Problem after change from 2.2 to 2.3

Discussion created by n.treutner on Jan 11, 2011
Latest reply on Jan 30, 2011 by n.treutner
Kernel produces wrong results

Hi There,

I've only reecntly switched from 2.2 to 2.3 and now parts of my code, that worked fine in 2.2 don't work anymore. i narrowed the problem (or at least one part of it) down to this kernel (attached), by checking the Buffers with the GDebugger.

What the kernel does, is: it compares to images (inputimage1 and 2) pixelwise. i initialize as many work-units as there are pixels (x, y) and then compare them over a window (X and Y), moving to the left of the image (with ww). the results for each comparison (so, variation of ww) are saved inside a 3d array, that actually is a normal array (dsi).

It appears, that the results, that are saved via

dsi[(x + y * width) * w_range + w_dsi] = sum0.w;

are the same inside each kernel (so the work-unit (x,y) writes 231678 to each field of the dsi, that it is supposed to write to), while they should change, since i change ww (via the for loop).

so i tried to find any changes in the handling of images and/or loops, but i couldn't find any relevant stuff.

i wonder if you guys have any idea, what is wrong.

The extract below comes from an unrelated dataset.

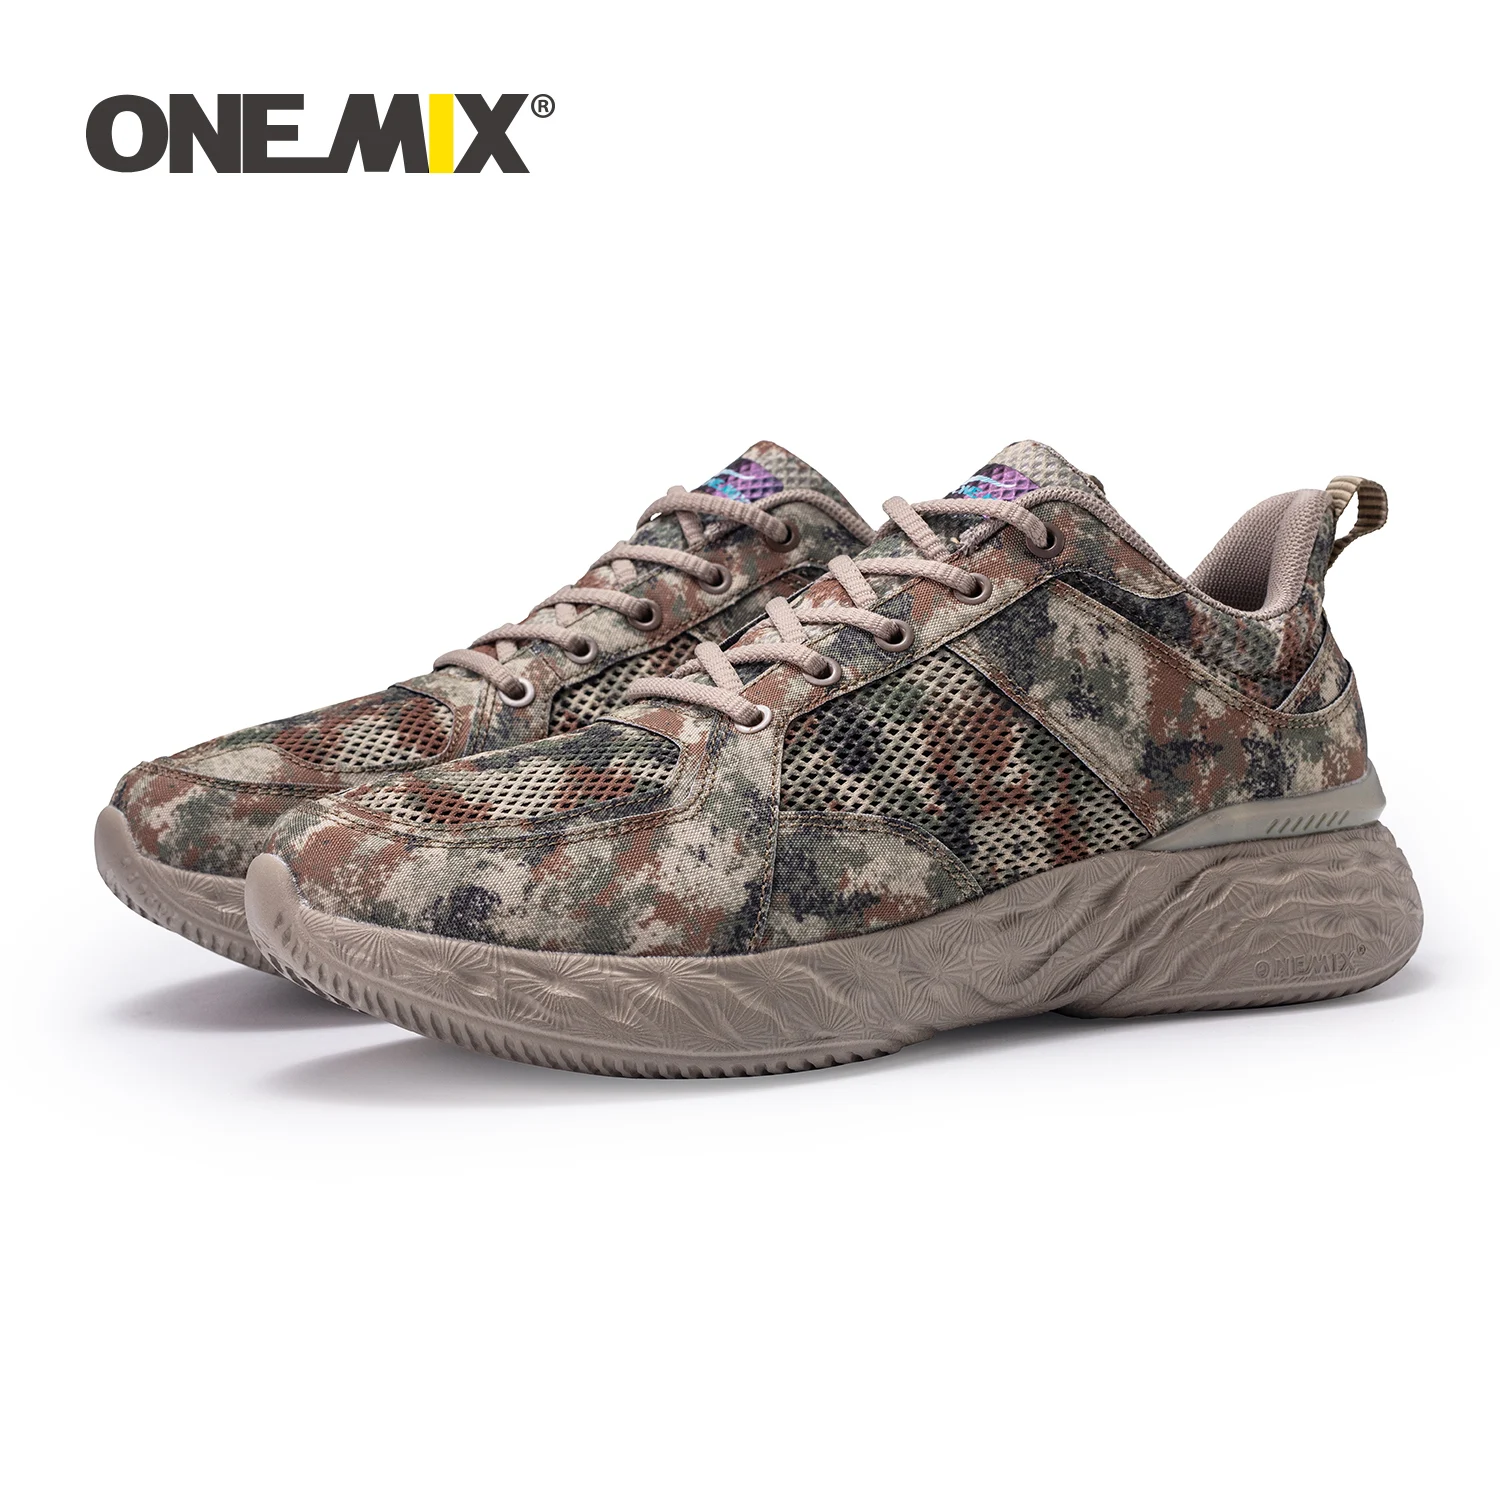 ONEMIX New Style Men's Running Shoes Unisex Sport Outdoor Sneakers Breathable Army Camouflage green Walking Jogging Shoes

__kernel void ssdkernel(__read_only image2d_t inputImage1, __read_only image2d_t inputImage2, __global float * dsi, __constant int * params, sampler_t imageSampler) { int x = get_global_id(0); int y = get_global_id(1); int width = get_global_size(0); int height = get_global_size(1); int k = (params[0] - 1)/2; int w = params[1]; int w_min = params[2]; int stepping = params[3]; int w_range = (w - w_min) / stepping; float4 diff0, sum0; //iterate over all disparities for (int ww = w_min, w_dsi = 0; ww < w; ww += stepping, w_dsi++) { diff0 = 0.0f; sum0 = 0.0f; //match the windows for(int Y = -k; Y <= k; Y=Y+1) { for(int X = -k; X <= k; X=X+1) { diff0 = read_imagef(inputImage1, imageSampler, (int2)(x + X, y + Y)) - read_imagef(inputImage2, imageSampler, (int2)(x + X - ww, y + Y)); sum0 += diff0 * diff0; } } sum0.w = sqrt(sum0.x * sum0.x + sum0.y * sum0.y + sum0.z * sum0.z); //compute the euclidian distance dsi[(x + y * width) * w_range + w_dsi] = sum0.w; } }